INFORMATION SUPPLIED Block Start

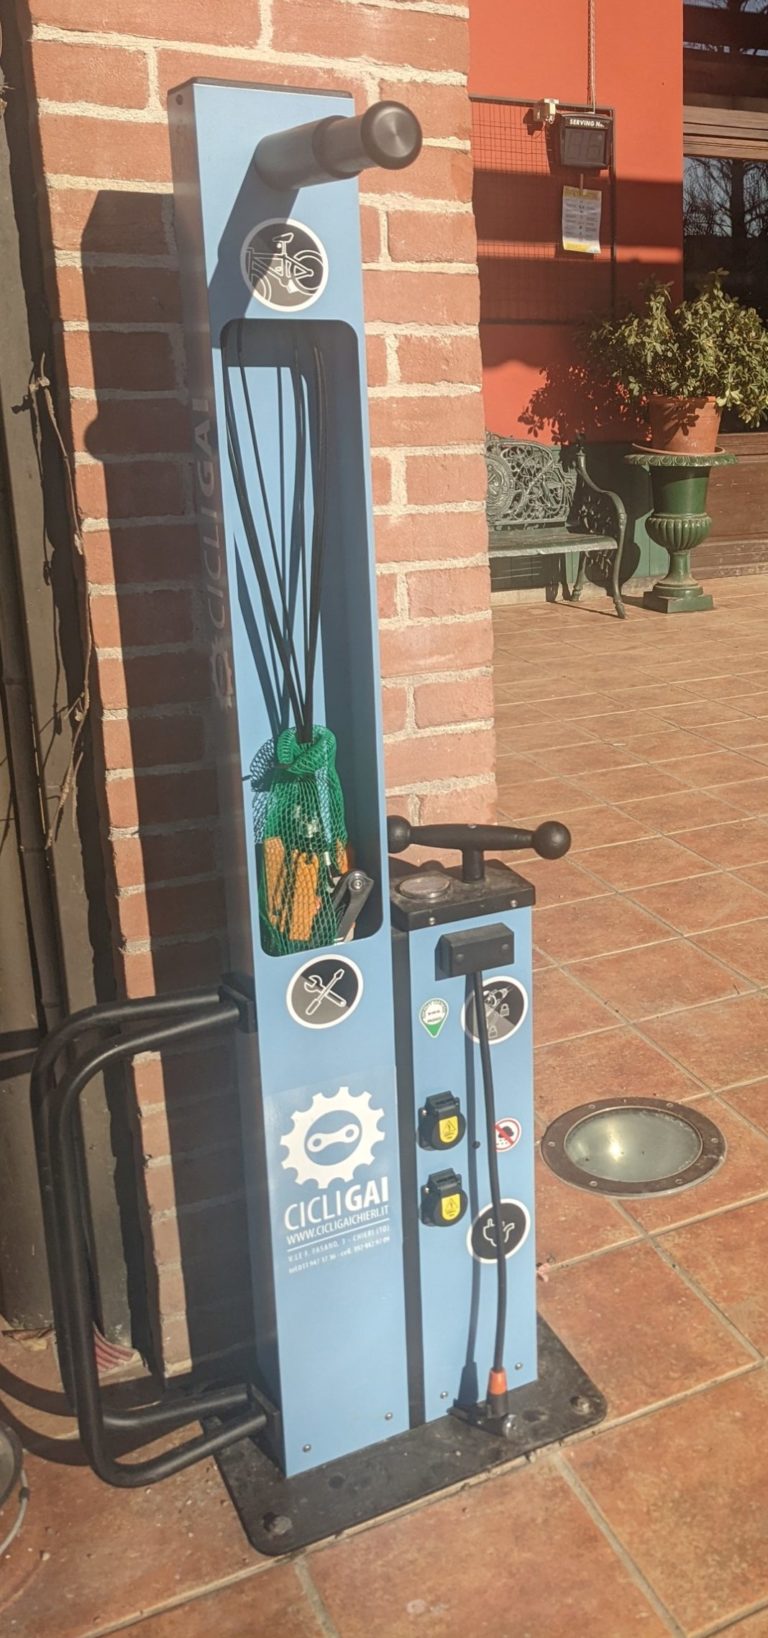 Pompa per bici gratuita - Agrigelateria San Pé Poirino
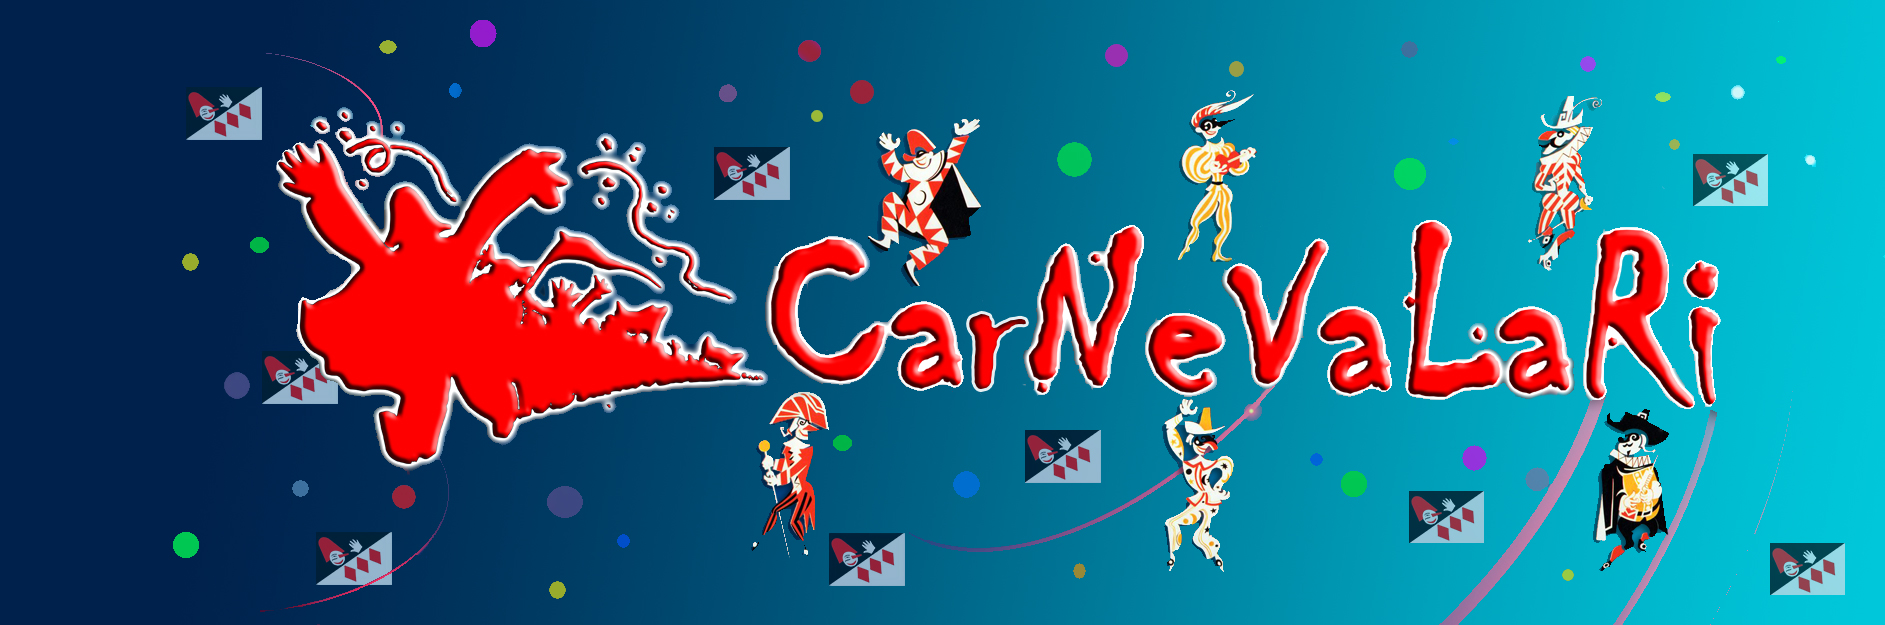 New Carnival Company
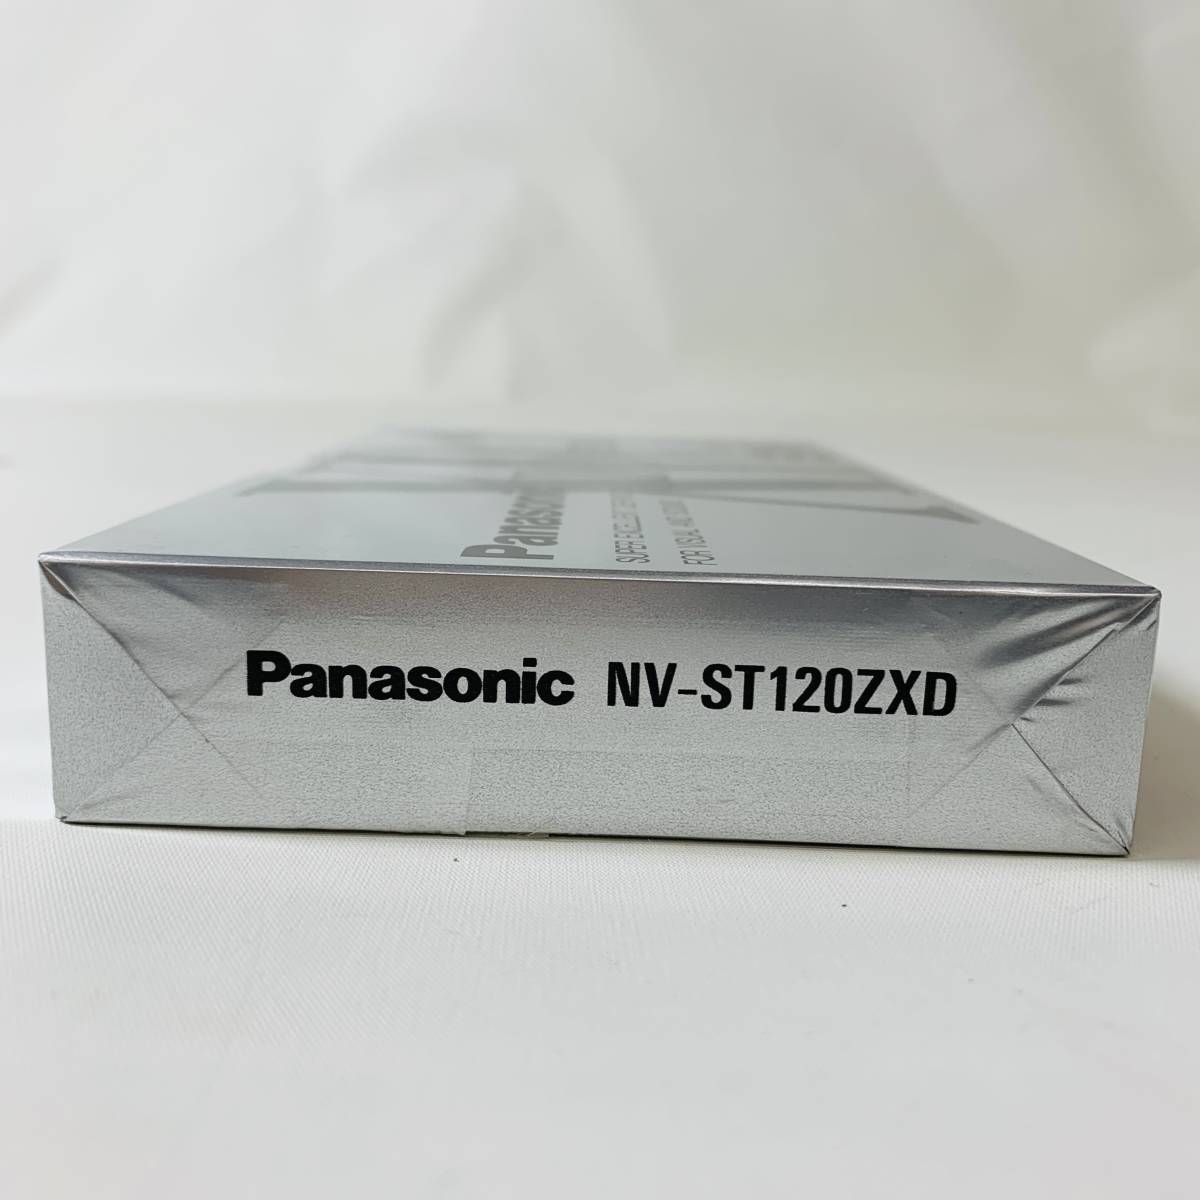 Panasonic нераспечатанный товар VHS лента комплект 120*2400010309502
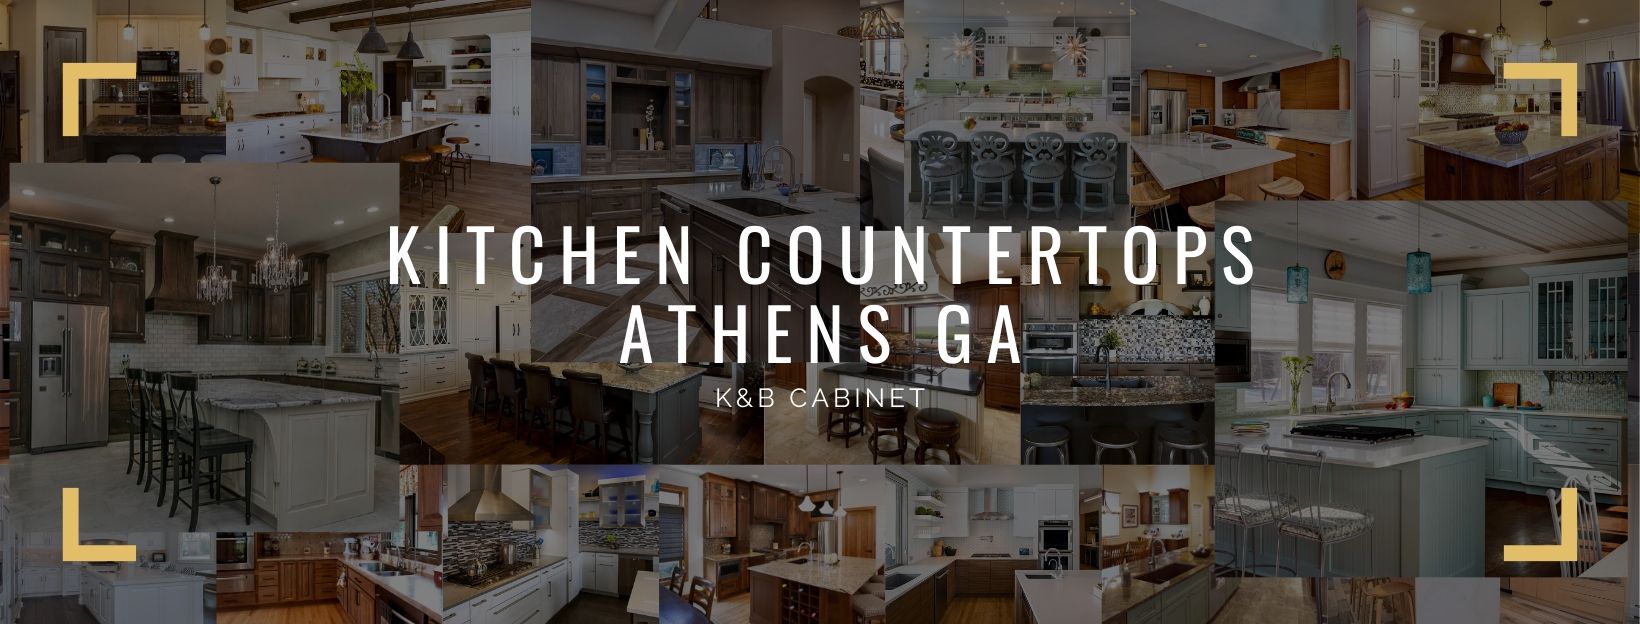 Kitchen Countertops Athens GA

INFORMATION SUPPLIED Block End

■ WHAT THE TASK REQUIRES:
From the line containing "New Carnival Company" down to the end of the data above, reproduce each line exactly; no pictures.

■ WRITTEN SOLUTION:
 New Carnival Company
 Panasonic нераспечатанный товар VHS лента комплект 120*2400010309502
 Kitchen Countertops Athens GA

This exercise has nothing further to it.